• Ranpak, the global leader in sustainable systems‐based packaging solutions for e-Commerce and industrial supply chains, to become public company through combination with One Madison Corporation
  • Company’s premium fiber-based solution is well-positioned to benefit from growing momentum in e-Commerce and increased consumer focus on environmental sustainability
  • Fully committed debt and equity financing in place to complete transaction, including a newly committed $142 million common equity private placement at $10.00 per share
  • Ranpak will have a well-capitalized balance sheet to support its future growth strategy and benefit from One Madison’s extensive expertise and network of industrial and consumer relationships
  • One Madison’s investors and strategic partners include JS Capital and Soros Capital (the family offices of Jonathan Soros and Robert Soros, respectively), as well as entities managed by Blackstone Alternative Solutions L.L.C.
  • Omar Asali to serve as Executive Chairman of Ranpak and Mark Borseth to continue as President and CEO

One Madison Corporation (“OMAD”) (NYSE: OMAD, OMAD.U, OMAD.WS), a special purpose acquisition company, today announced that it has signed a definitive agreement with affiliates of Rhône Capital (“Rhône Capital”) pursuant to which OMAD will combine with Ranpak Corporation (“Ranpak” or the “Company”). This transaction will introduce Ranpak as a publicly listed company with an anticipated enterprise value of approximately $1,089 million1. Upon the closing of the transaction, OMAD will be renamed and will remain NYSE-listed under a new ticker symbol.

Ranpak is the global leader in fiber-based, environmentally sustainable protective packaging solutions that safeguard products in commerce and industrial supply chains. Ranpak utilizes a systems-based business model to drive recurring revenue through an installed platform of over 90,000 machines. Through this platform, Ranpak sells value-added consumables to end-users via a network of exclusive distributor relationships, delivering services to approximately 30,000 diversified end-users in over 40 countries. Ranpak’s reliability and high-quality offerings have resulted in strong customer relationships with revenue from recurring customers and customer retention rates both in excess of 90% over the past five years.

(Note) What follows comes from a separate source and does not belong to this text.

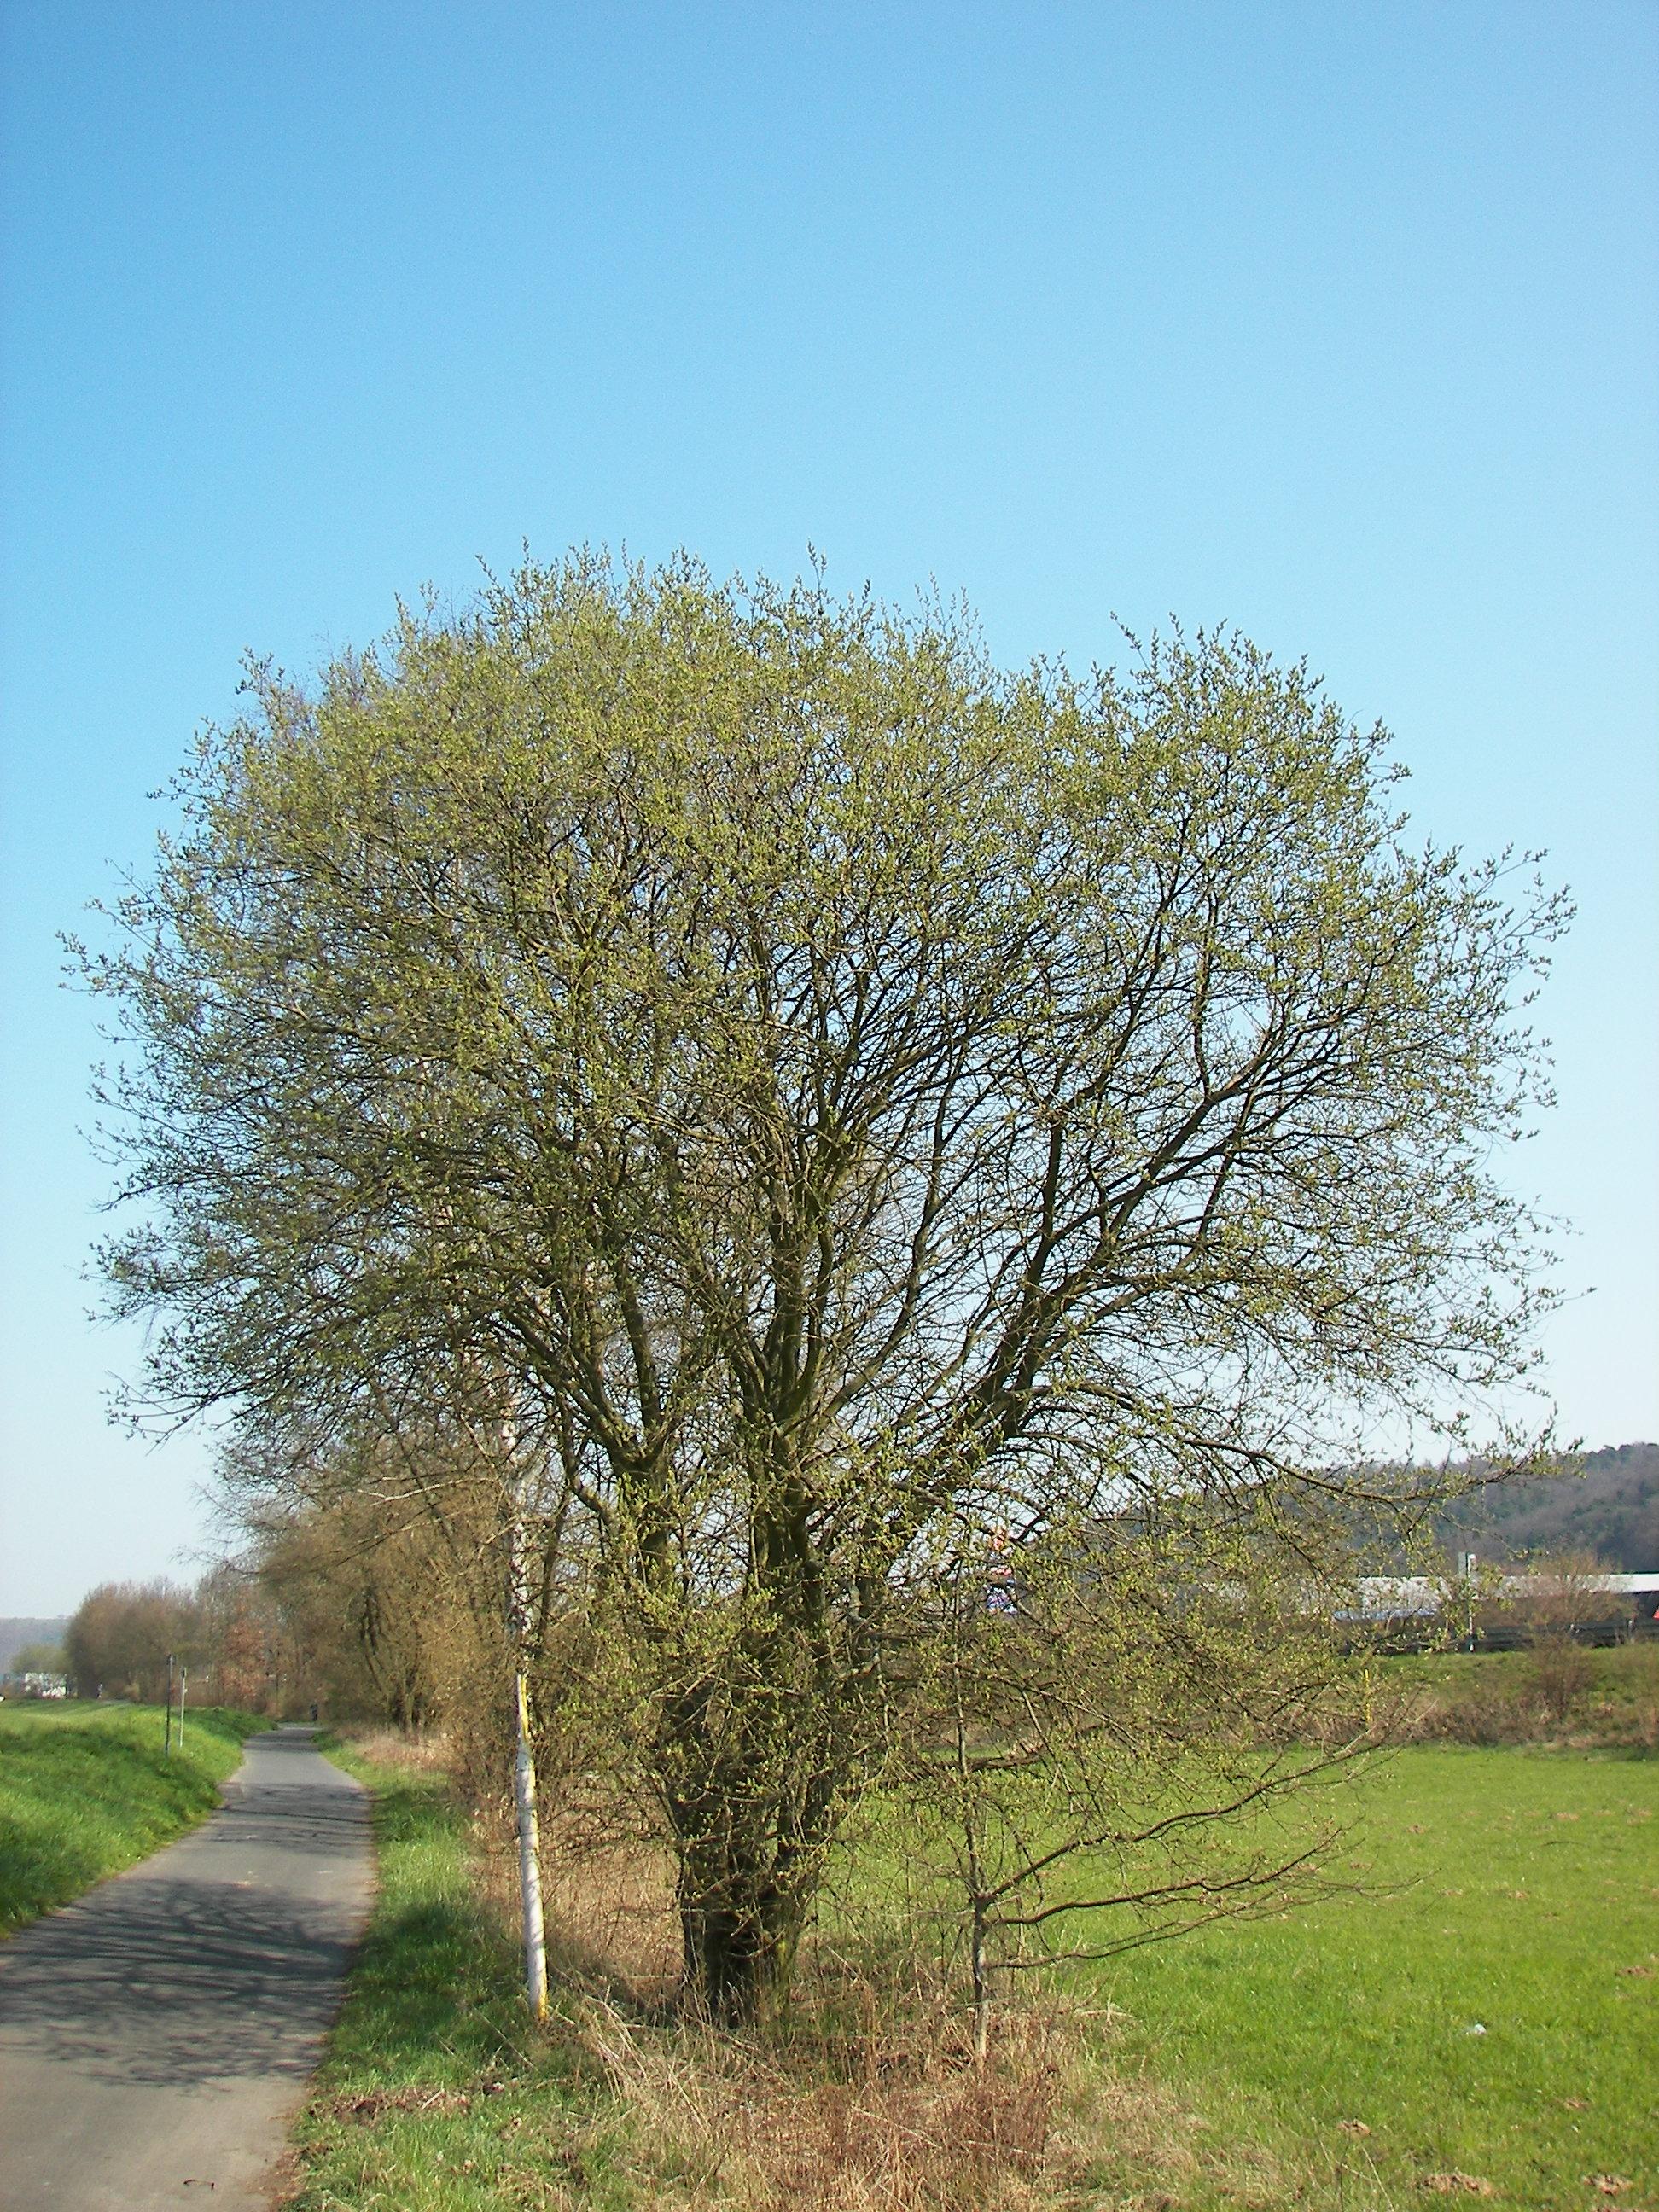 File:Salix caprea 007.jpg - Wikimedia Commons

Ranpak has a demonstrated track record of long-term growth and stability. The Company achieved a consistent average annual revenue growth rate of greater than 7% over the past five- and 15-year periods (adjusted for constant currency)2, while maintaining attractive Adjusted EBITDA margins of greater than 30%. The Company’s asset-light operating model supports robust free cash flow conversion3 of over 80% of Adjusted EBITDA for the past three years and benefits from a short payback period of approximately 15 months on machine investment. Ranpak expects to continue this strong performance by targeting revenue growth of 8% in 2019 and Adjusted EBITDA of $95mm (resulting in a 33% Adjusted EBITDA margin). Additionally, Ranpak’s business model has proven resilient in downturns, with the Company delivering increasing free cash flow (net of total capex) from 2008 to 2009 while maintaining consistent Adjusted EBITDA.

Ranpak is well-positioned to maintain its organic growth momentum from global expansion in e-Commerce and the increasing focus on environmentally sustainable solutions by both distributors and end-users. Approximately one-third of Ranpak’s sales are derived from e-Commerce, a market that has expanded at more than a 20% compound annual growth rate in recent years. The Company’s proprietary solutions and 100%-natural consumable product offering provide customers with a clear value proposition in supply chain management and product protection.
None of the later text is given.